Kara Swisher

Recent Posts by Kara Swisher

Slide Sidles Up to Old Media in Search of New Revenue (Apparently, Max Cannot Live by SuperPoking Alone!)

You almost have to admire the shape-shifting–if not a wee bit slippery–stylings of Slide CEO Max Levchin.

The serial entrepreneur– whose current start-up has made him the massively-funded widget-king of Web 2.0–has signed distribution deals with Time Warner’s Warner Bros. unit, CBS and Comcast’s E! Entertainment channel to allow users of its new FunSpace Channels video service to look at clips from shows.

Slide’s other media partners in the new deal include Current Media, Hulu, Universal Music Group, as well as 236.com, Break Media, CollegeHumor, FUEL TV, Howcast Media, Video Detective and YouTube.

The FunSpace video service will recommend content based on how much users forward clips to others.

To make money, Slide will get a cut of ads sold by its media partners, according to a report in The Wall Street Journal.

Oh my, how incredibly traditional of Levchin (pictured below on a wacky magazine cover).

But it should probably come as no surprise that Levchin is singing a bit of a different tune these days, as the daunting task of actually building a sustainable business model and attracting long-term advertisers has dawned on him–and probably many other Web 2.0 wunderkinds.

“Television is a world advertisers love,” said Levchin in The Journal article–a quote in which you can almost hear the quarter drop and the connection made that trying to earn real money from sheep-throwing and SuperPoking is perhaps not the most stable of business plans.

Of course, it was only a year ago that the business model for the high-profile social-networking applications maker–loudly touted by him and others at the company–was centered around “user-initiated” ads and in consumers becoming “brand ambassadors” for products.

These kinds of unproven ad schemes seemed fanciful to me when I first heard about them, although they doubtless sounded great to the many investors who ponied up tens of millions of dollars in funding to give Slide an eye-popping and still-undeserved $550 million valuation.

At the time, I wrote:

Ah, brand ambassadors!
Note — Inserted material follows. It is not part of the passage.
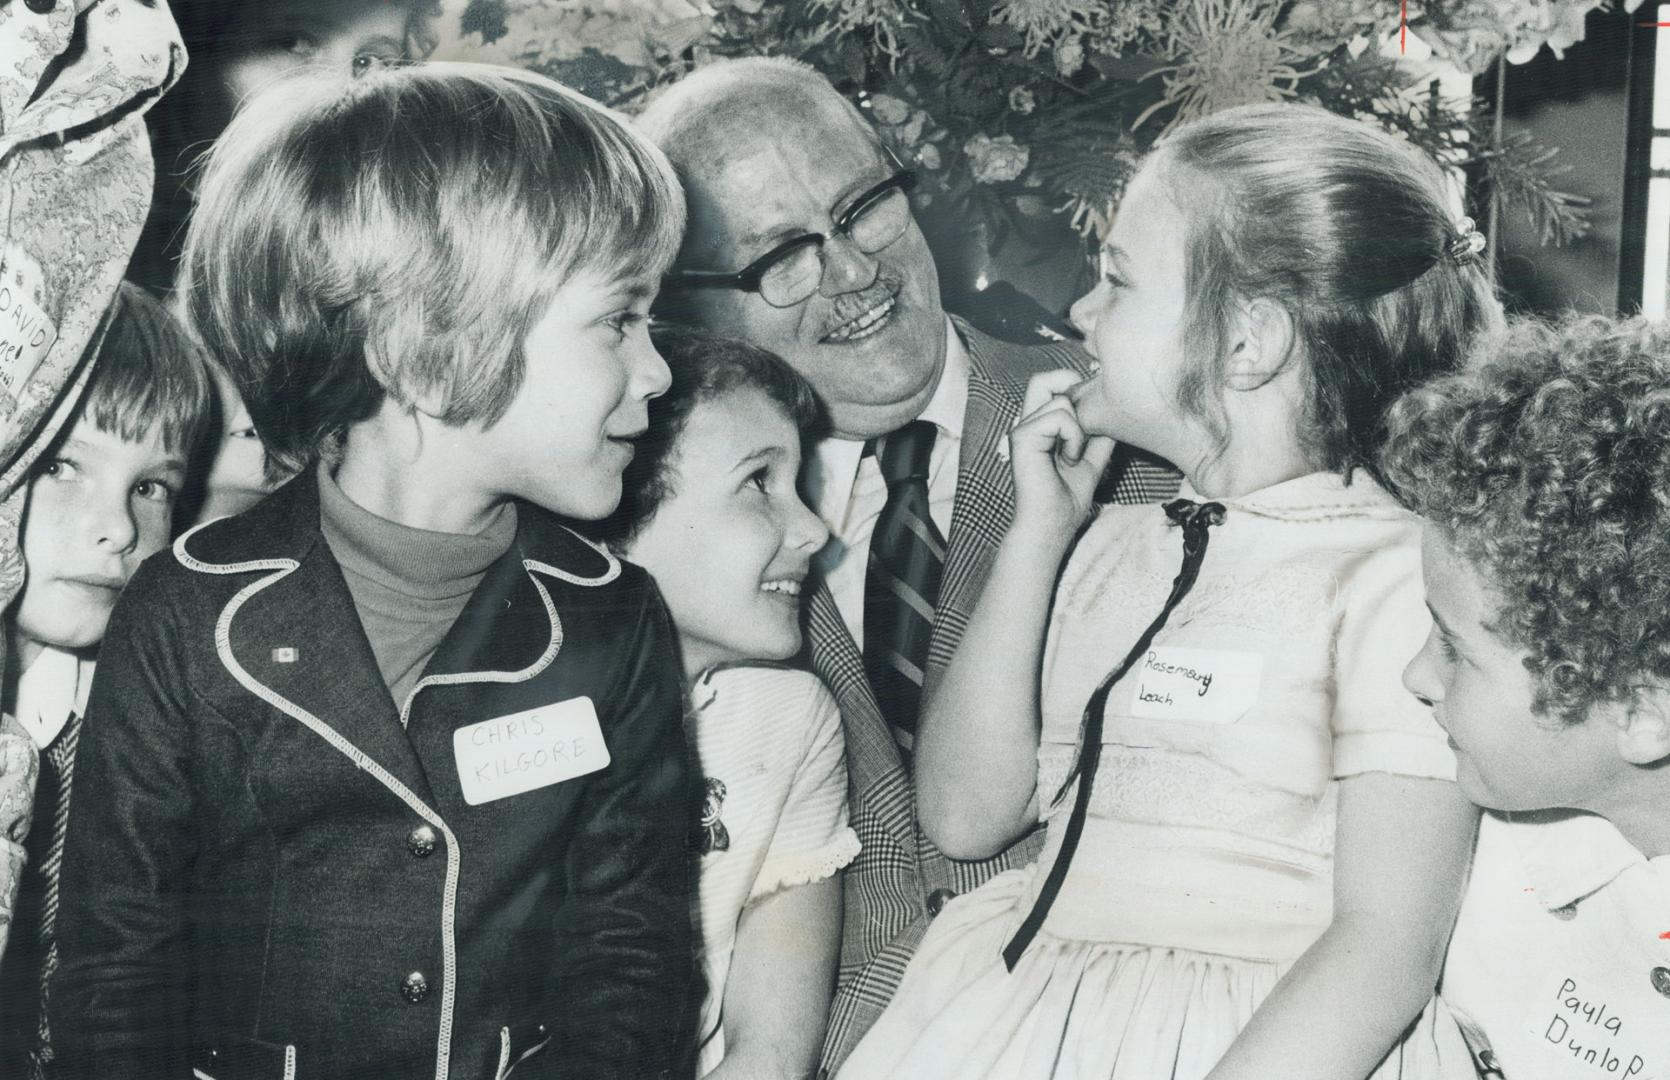 Look, no cavities: Seven-year-old Rosemary Leach shows Dr. Stewart MacGregor and other young former patients how he kept her teeth in good shape. The (...)

Like perhaps being dispatched to a posting in the tenth ring of hell.

It seems, though, that the old canard about getting audiences to carry water for brands and loving it has found new life, as social networks and the widgets that live off them search for business models.

Now I am not against widgets, those small third-party applications that people can put on their Web pages on social networks like Facebook and MySpace, in general.

While there are now many too many, and most are simply features and not companies, some are actually helpful and substantive and introduce a plethora of innovation and features into a service like MySpace that the service itself would or could never have offered.

And I also think that these widget-makers need to find a way to make money, especially the very popular ones like Slide, if they are to stay around.”

That’s more true than ever before as the economy tightens and kooky experimentation is no longer tolerated.

In fact, Levchin noted in the article that Slide had dumped one of its typically fun but profitless widgets–a digital fortune cookie service.

Said Levchin to The Journal: “We asked ourselves, can they generate cash and are they going to be engaging to users a year from now?”

Um … no and no, which should have been obvious from the get-go about a lot of social-networking apps, which I had labeled juvenile and ultimately ephemeral.

While such goofy stuff has given Slide a lot of traffic–it attracts more than 160 million viewers a month–that has not necessarily translated into big revenues since much of the traffic is pretty low-rent and because the ads are limited by the big social-networking sites where Slide apps are popular.

One of the most striking things in the article was the contention that Slide expected $30 to $50 million in 2009 revenue, which is probably on the low side. To be fair, Levchin always told me he was not as focused on revenue generation as on growth.

But with this move, Levchin is now clearly focusing on revenue, and it’s long past time to do so.

Of course, with nuclear winter in advertising of all kinds approaching fast, let’s hope Slide still has a sheepskin or two around to keep warm until the thaw.